==== Supplied records

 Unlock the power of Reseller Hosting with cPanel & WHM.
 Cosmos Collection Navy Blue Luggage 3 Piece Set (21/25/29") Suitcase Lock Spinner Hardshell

========
==== Supplied records

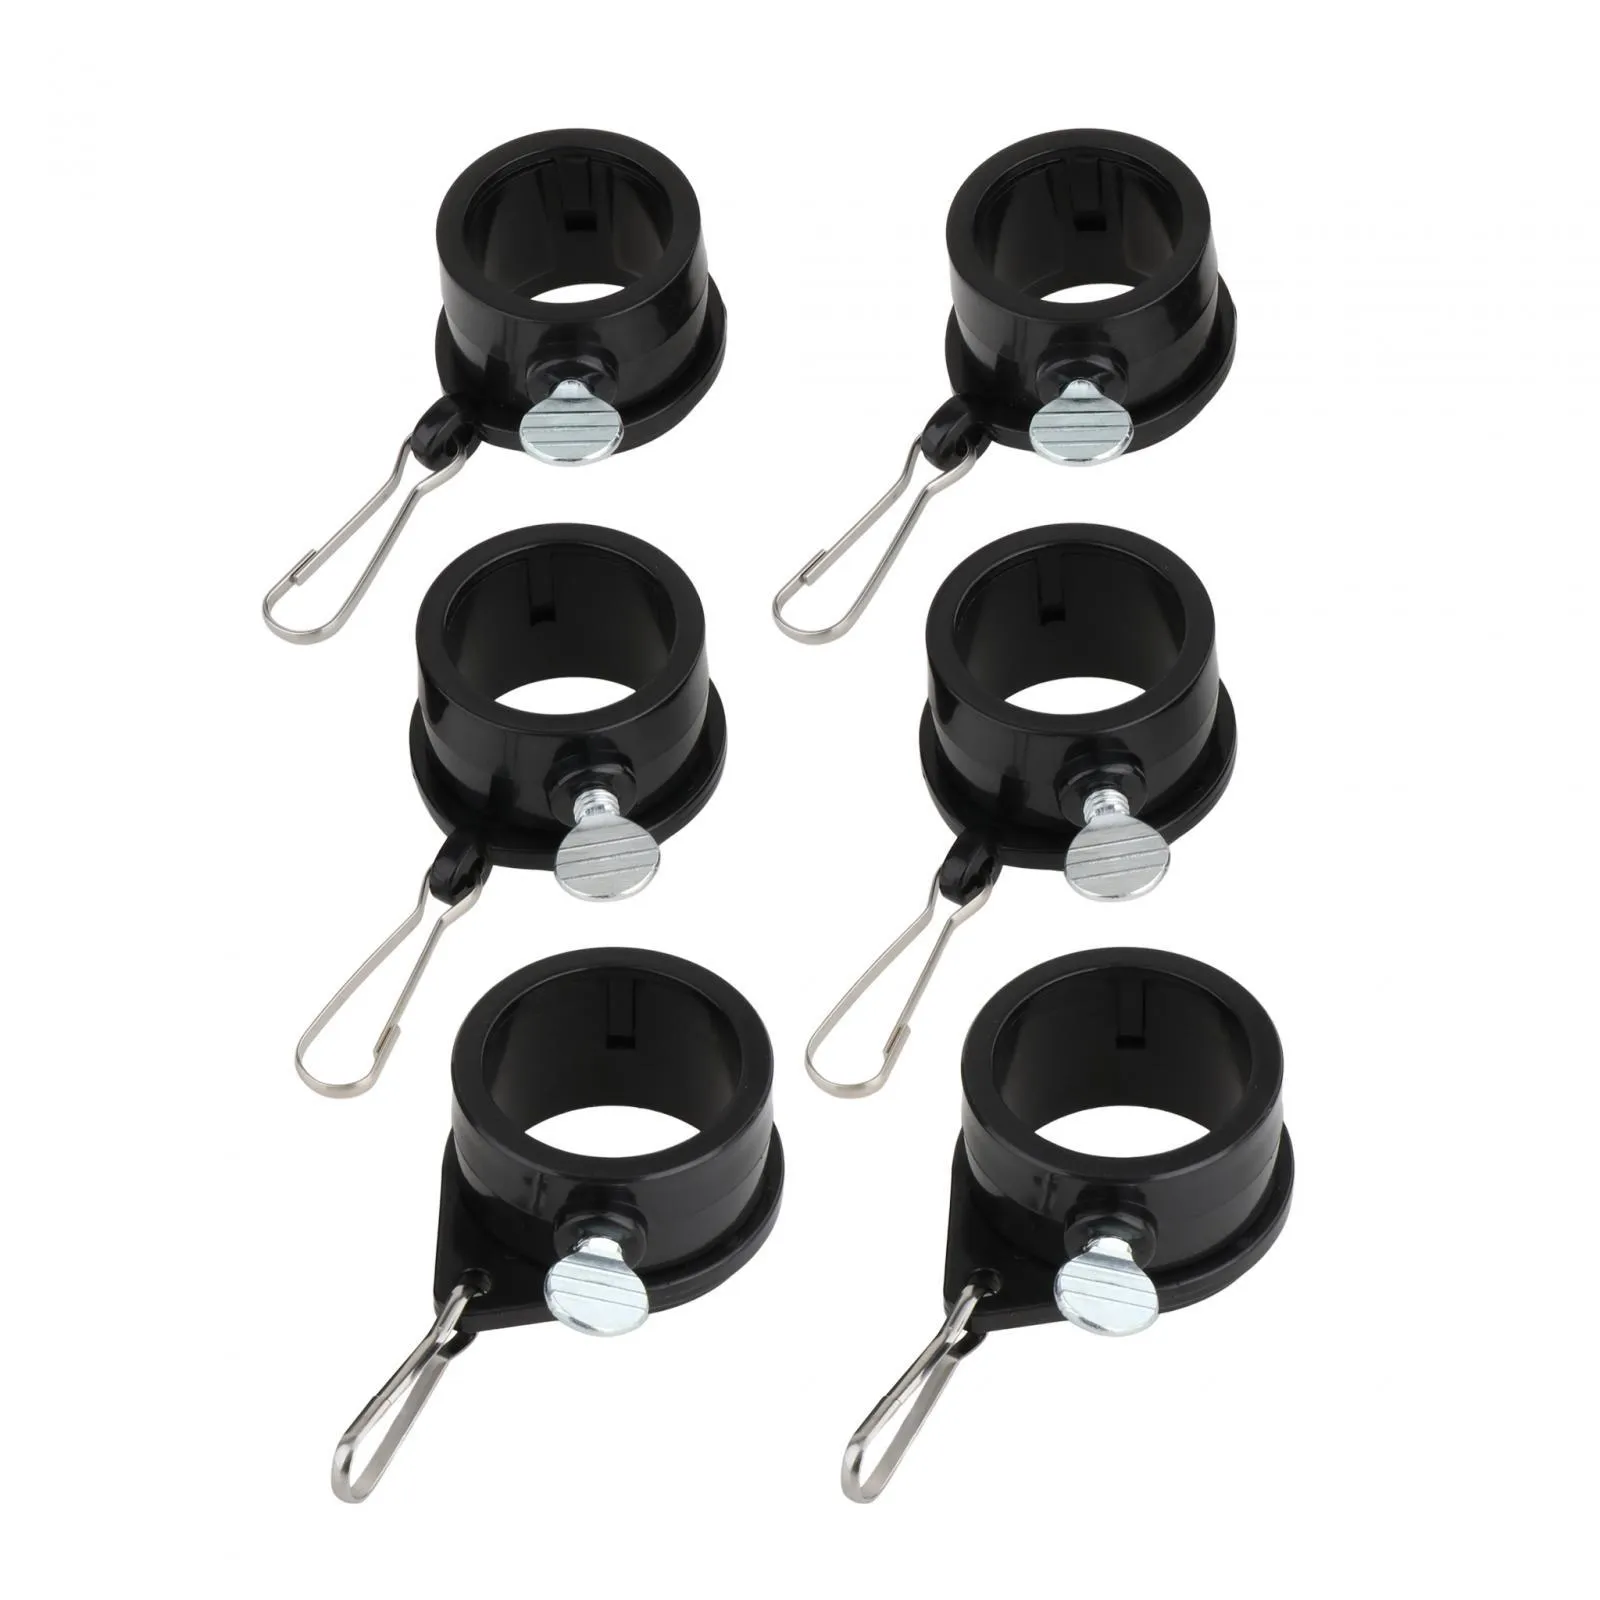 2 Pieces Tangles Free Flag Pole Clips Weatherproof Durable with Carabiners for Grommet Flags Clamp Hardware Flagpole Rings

========
==== Supplied records

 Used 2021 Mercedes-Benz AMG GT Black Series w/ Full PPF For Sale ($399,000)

========

## What needs to be done:
Look back at the entries above. Retype the line with "Unlock the power", the line with "Cosmos Collection Navy", and all lines in between.

## Finished task:
 Unlock the power of Reseller Hosting with cPanel & WHM.
 Cosmos Collection Navy Blue Luggage 3 Piece Set (21/25/29") Suitcase Lock Spinner Hardshell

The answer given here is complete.